Trapped and helpless Carolus joined the tiresome discussion while the two walked steadily up and down the small lawn by the gates, hence bent forward and the headmaster’s hands behind his back.
“If we could put in another hour on one of the later days of the week . . .” Mr. Gorringer was saying seriously.
Carolus thought that by the time he had had a bath and changed it would be late for Dr. Tom and Phoebe.  Suddenly he realized that Mr. Gorringer’s topic had changed.  “As you know, I’ve always an ear to the ground for anything that may affect our morale,” he was saying.  It was curious that with those monstrous ears of his he should not avoid mention of them.  “Most unfortunate, a murder sensation of this kind.  Sets the boys’ minds working in all the wrong directions.  Murder is a distressing thing at any time but in a town like this its effects may be incalculably harmful.  I hope you do everything you can to check morbid discussion of the subject?  The boys should be led to interest in healthier things.”

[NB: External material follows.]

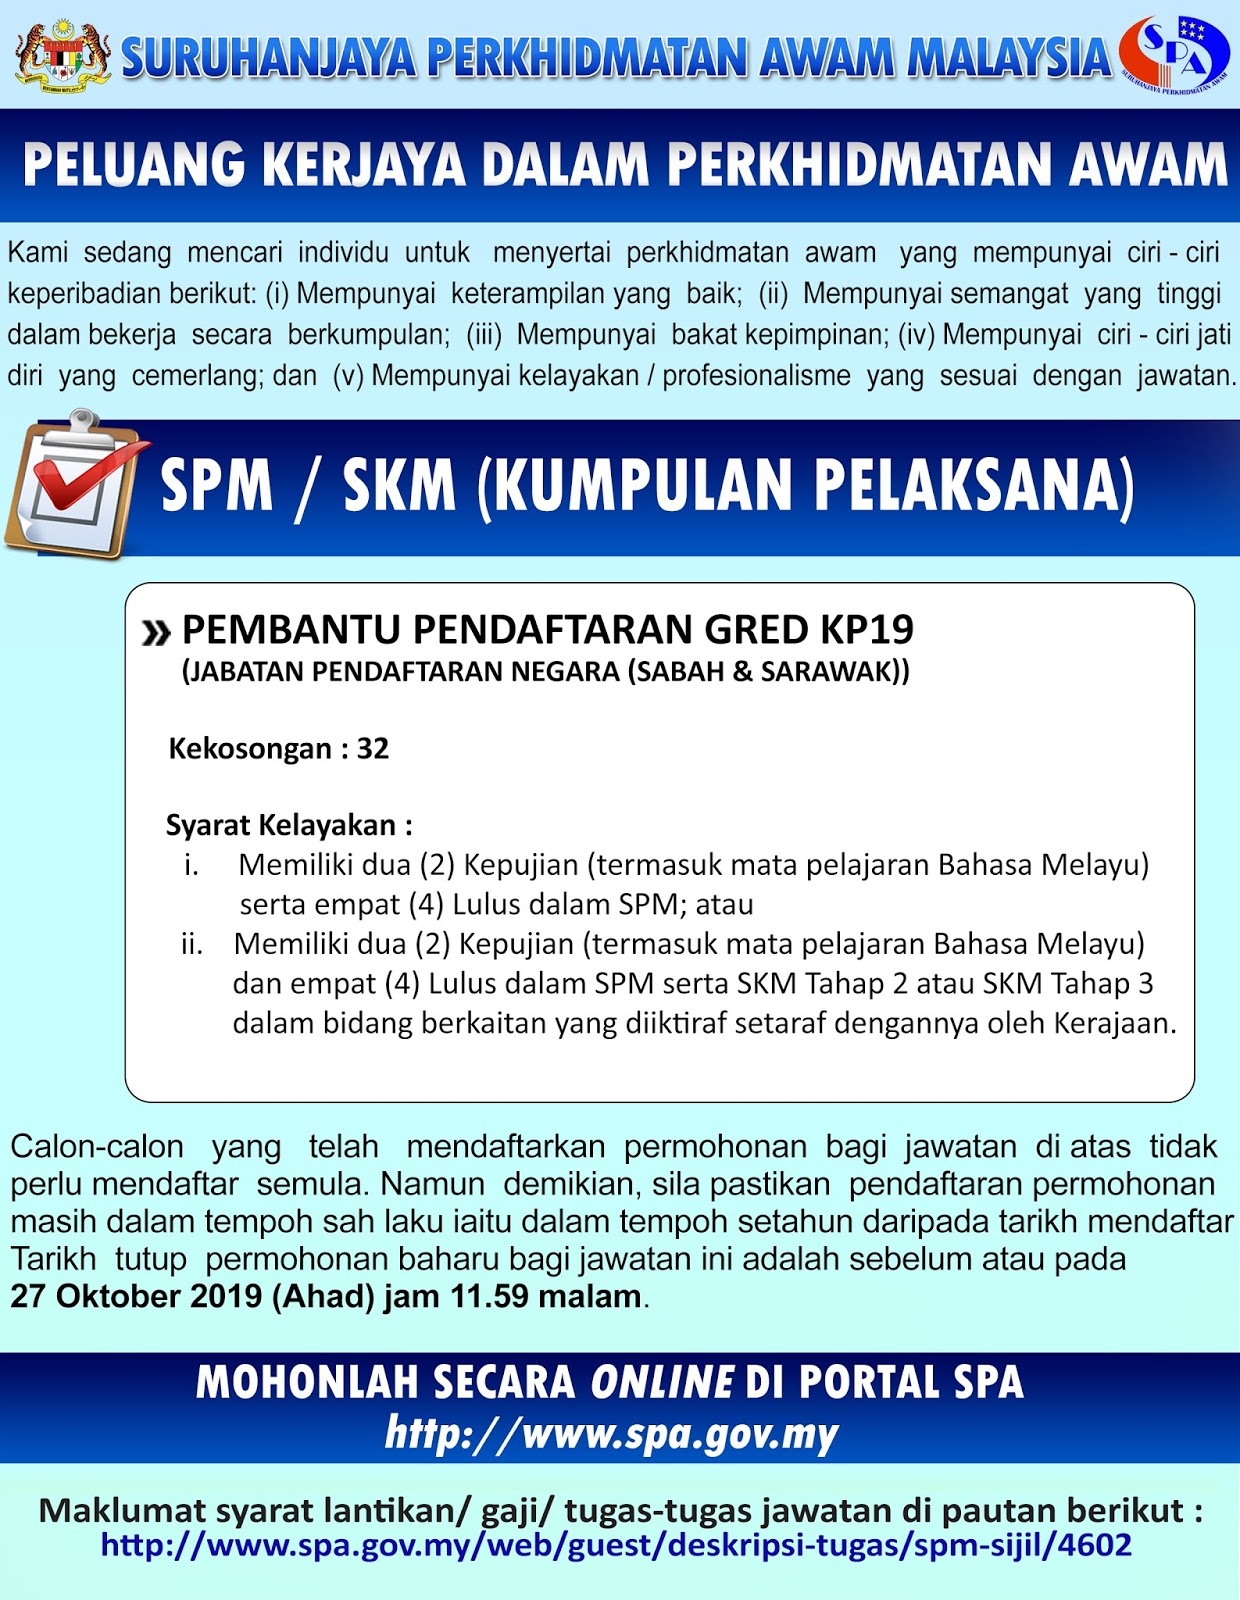 Jawatan Kosong Kerajaan 2019 Pembantu Pendaftaran Gred Kp19 Jpn Sabah Sarawak Jawatan Kosong Terkini Negeri Sabah

It was nearly six o’clock before Carolus finally escaped and he found that his friends were drinking their second cocktail.  He wanted to forget the murders in Market Street but Tom was interested and before long Carolus found himself describing his efforts so far.
“So you haven’t seen the boy Drew yet,” said Dr. Tom.  “That’ll be a treat in store for you.  I had his mother in today again.”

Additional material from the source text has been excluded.